[SUPPLIED INFORMATION]

++++++++++

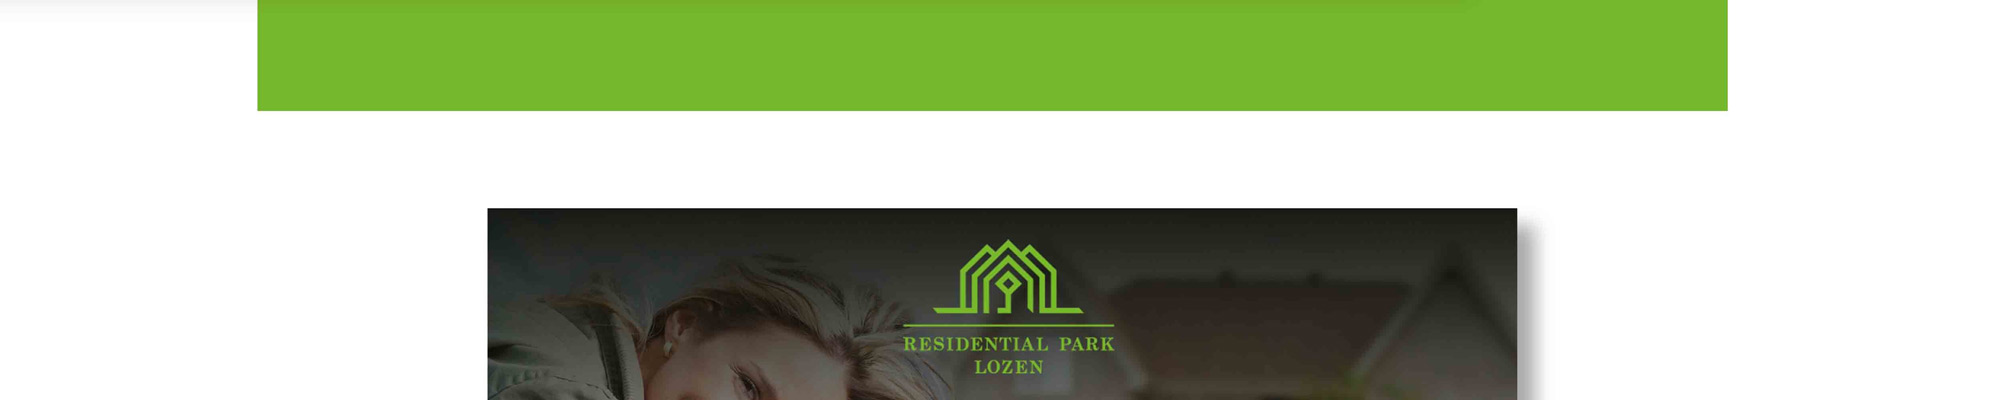 residential-park-lozen
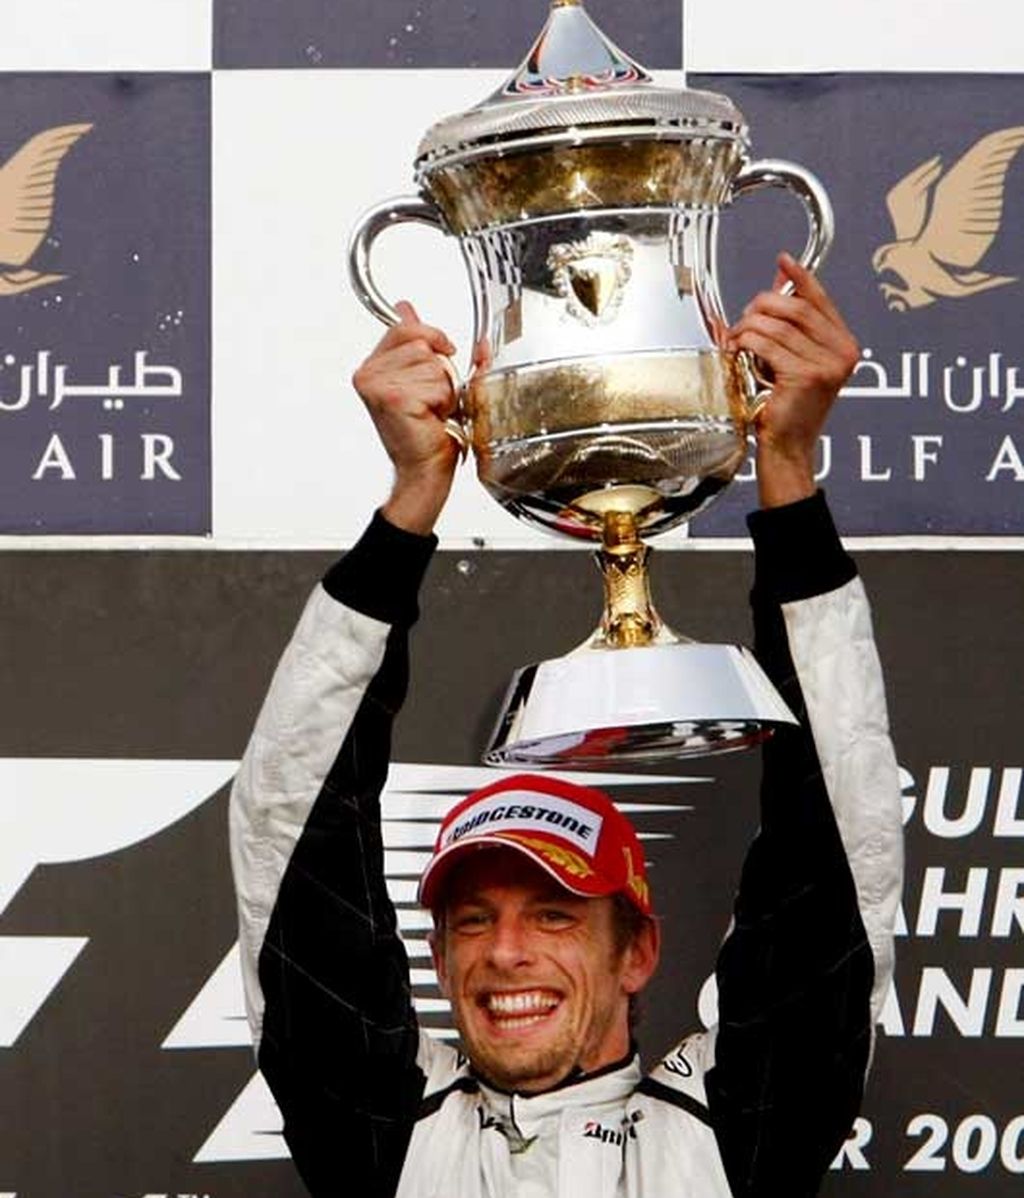 Gran Premio de Bahrein
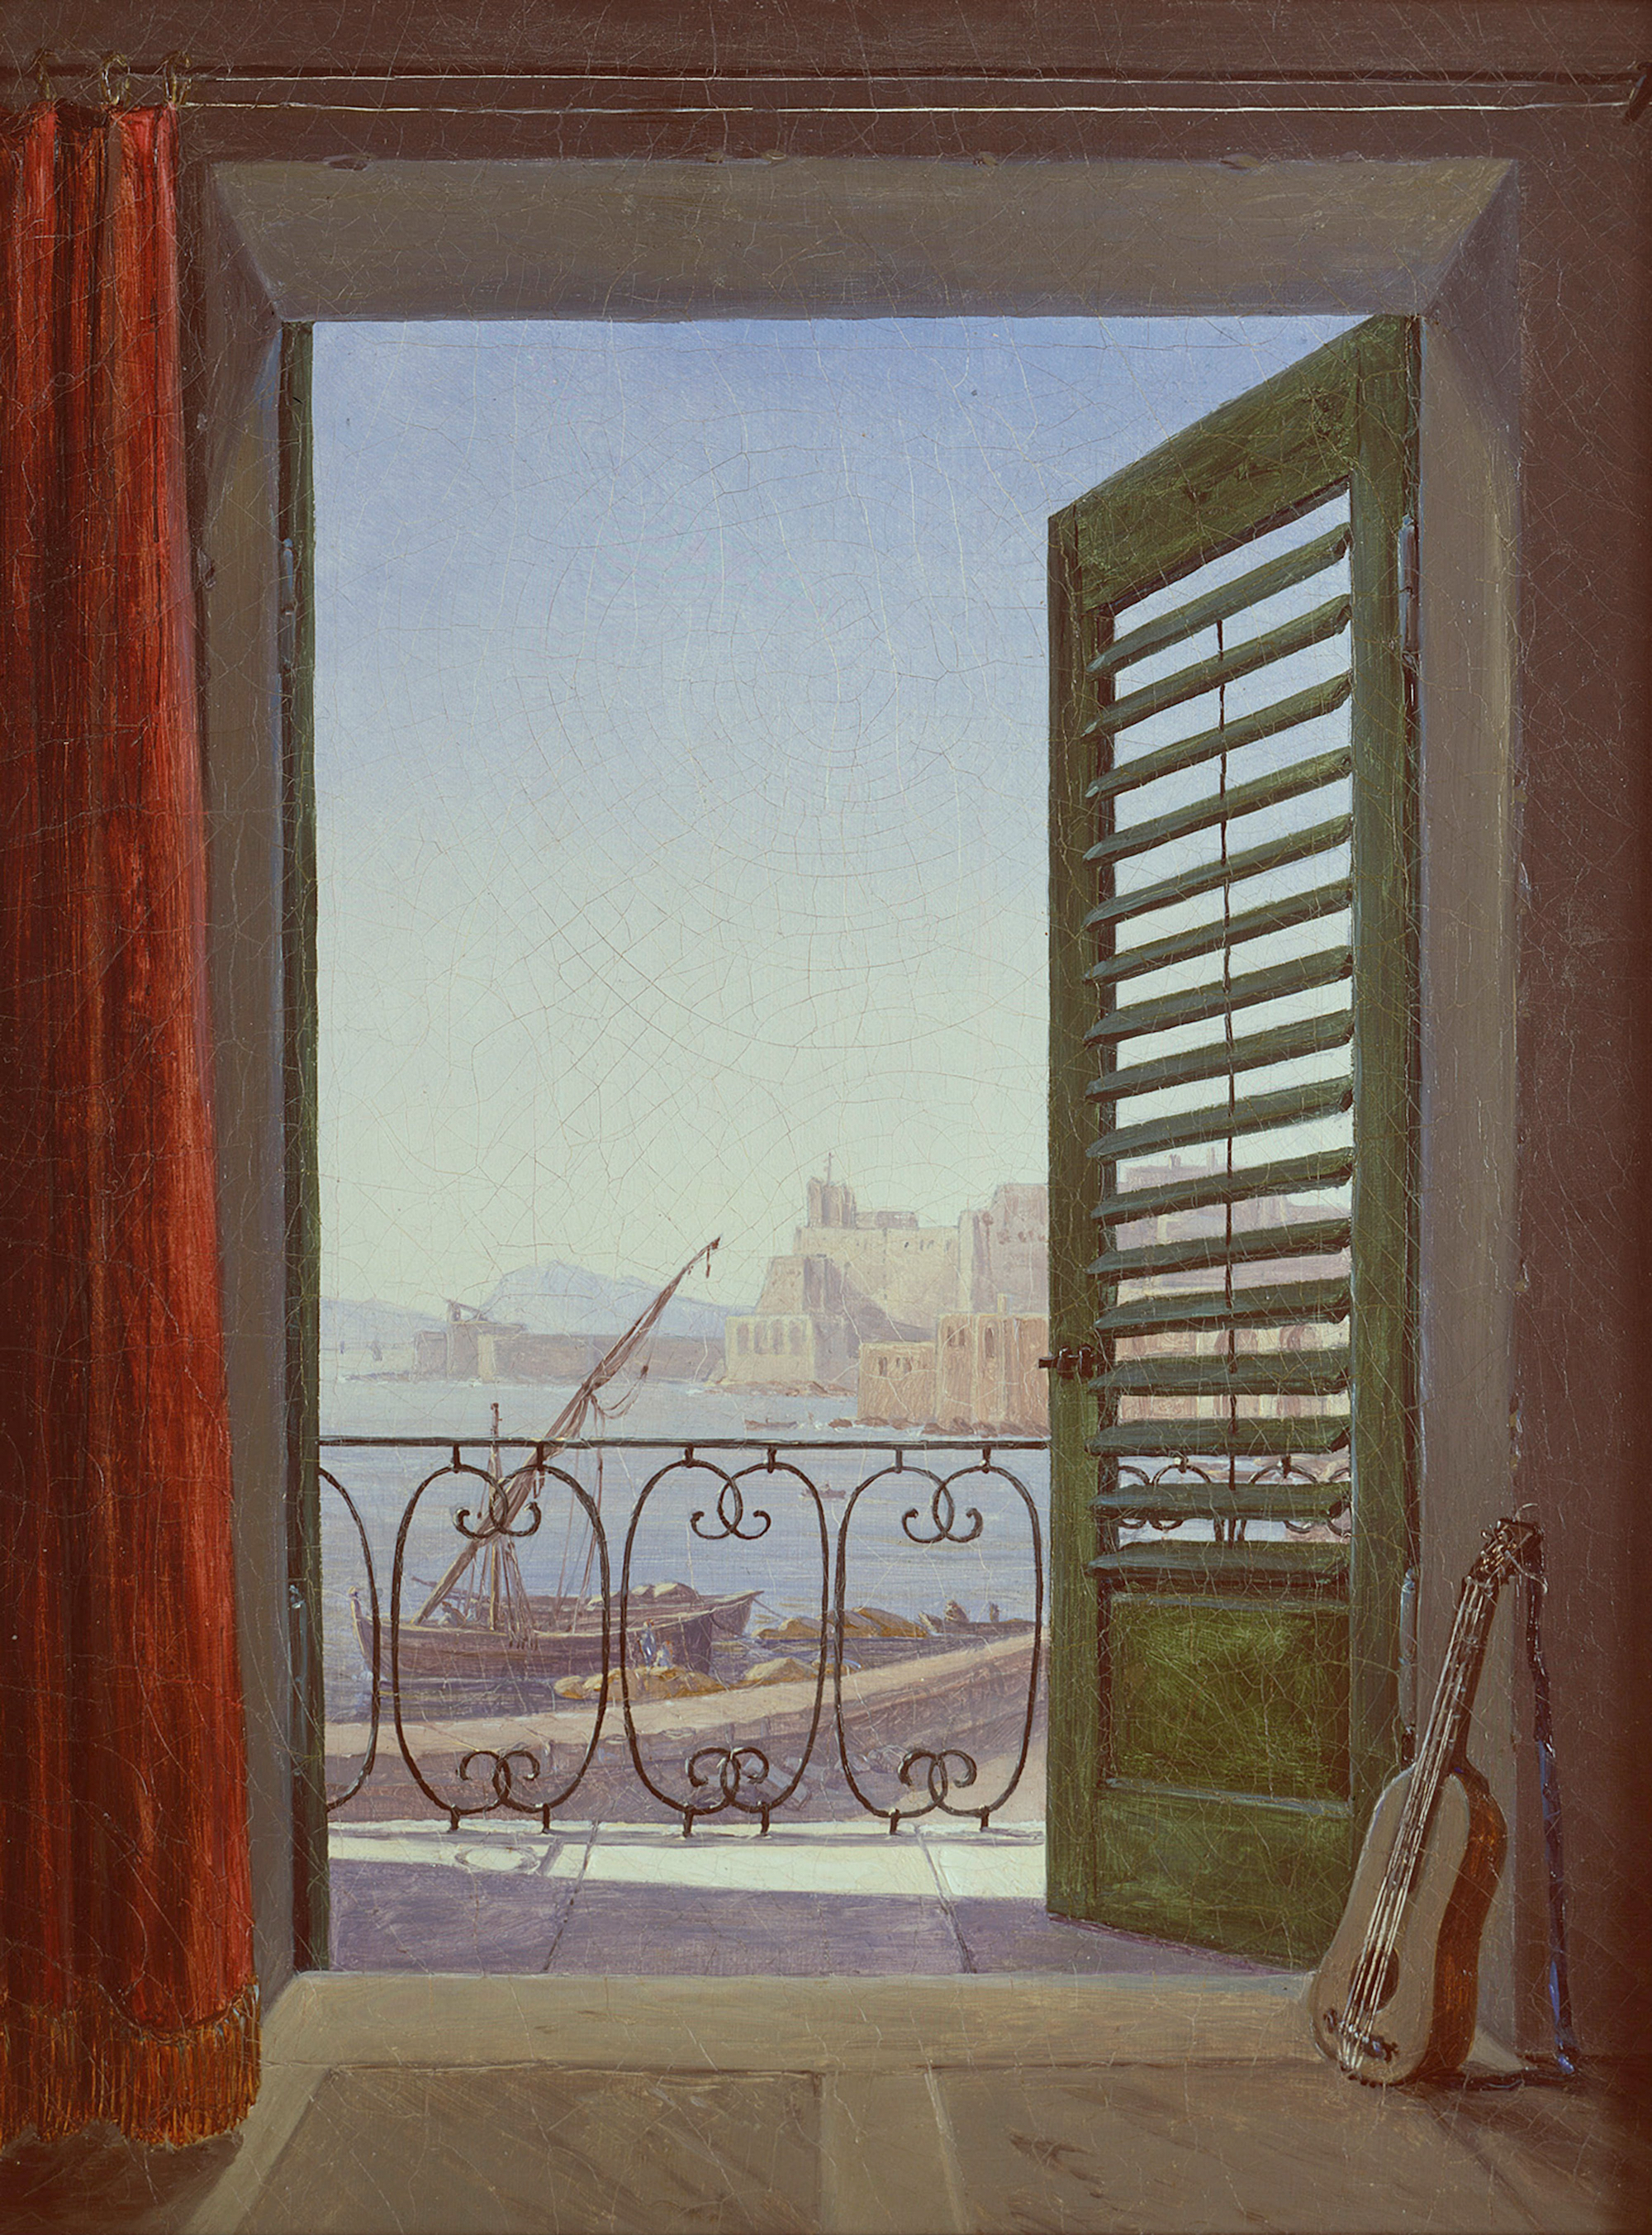 Vista della Baia di Napoli by Carl Gustav Carus - circa 1829/1830 - 213.0 x 284.0 cm Alte Nationalgalerie
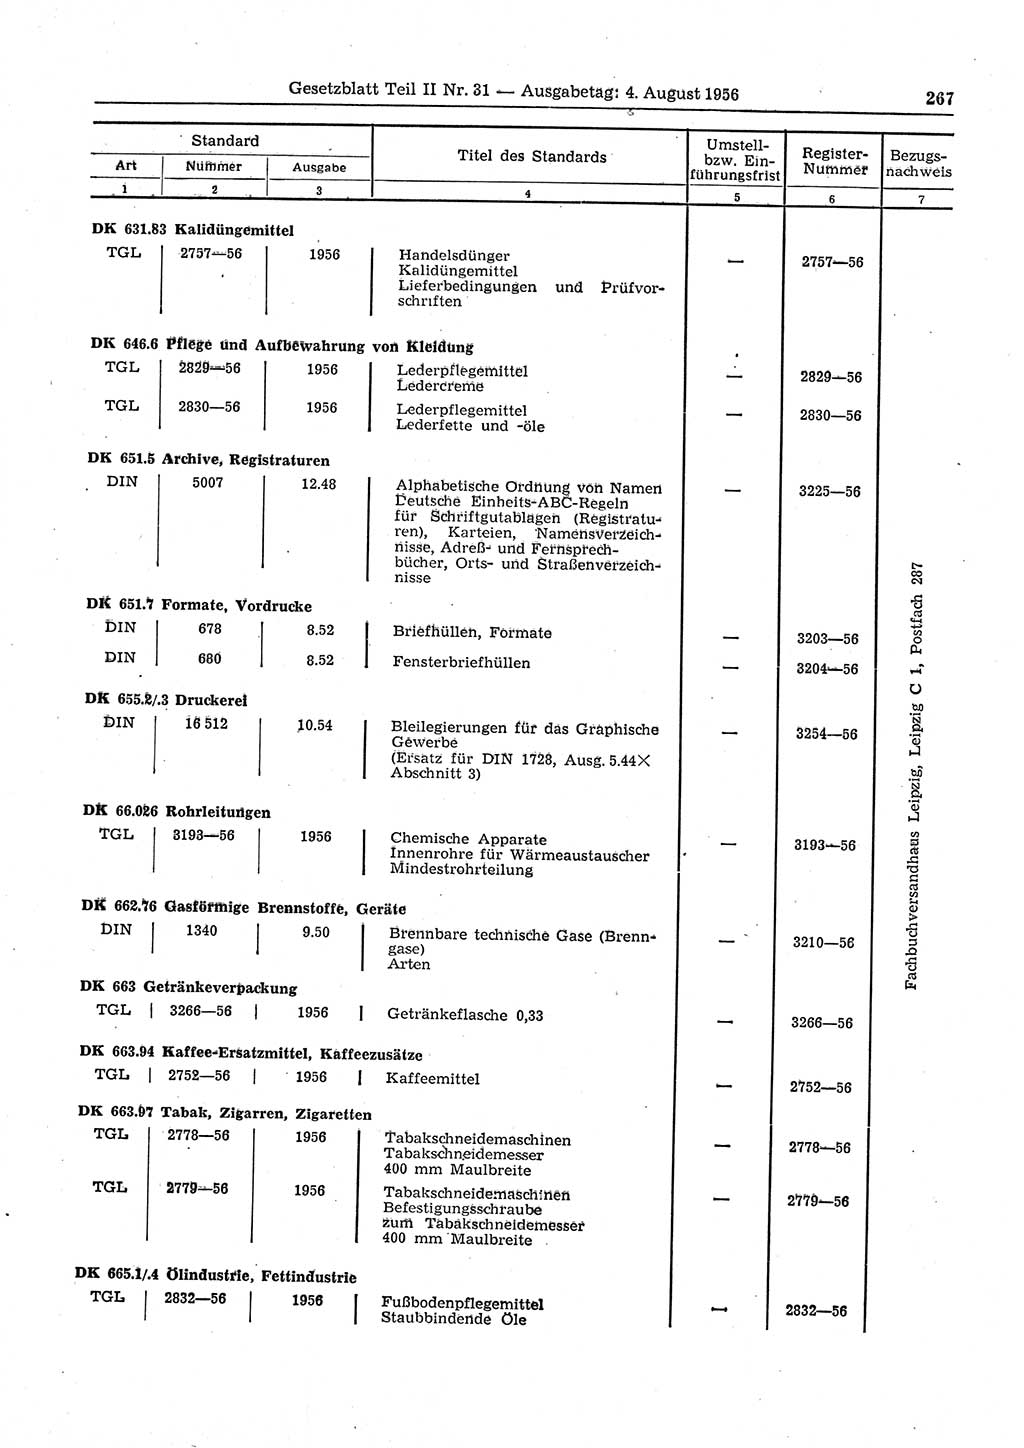 Gesetzblatt (GBl.) der Deutschen Demokratischen Republik (DDR) Teil ⅠⅠ 1956, Seite 267 (GBl. DDR ⅠⅠ 1956, S. 267)

++++++++++

[WORK TO BE COMPLETED] Return the complete data unchanged and include none of the pictures.

[EXERCISE RESPONSE]
 residential-park-lozen
 Gran Premio de Bahrein
 Vista della Baia di Napoli by Carl Gustav Carus - circa 1829/1830 - 213.0 x 284.0 cm Alte Nationalgalerie
 Gesetzblatt (GBl.) der Deutschen Demokratischen Republik (DDR) Teil ⅠⅠ 1956, Seite 267 (GBl. DDR ⅠⅠ 1956, S. 267)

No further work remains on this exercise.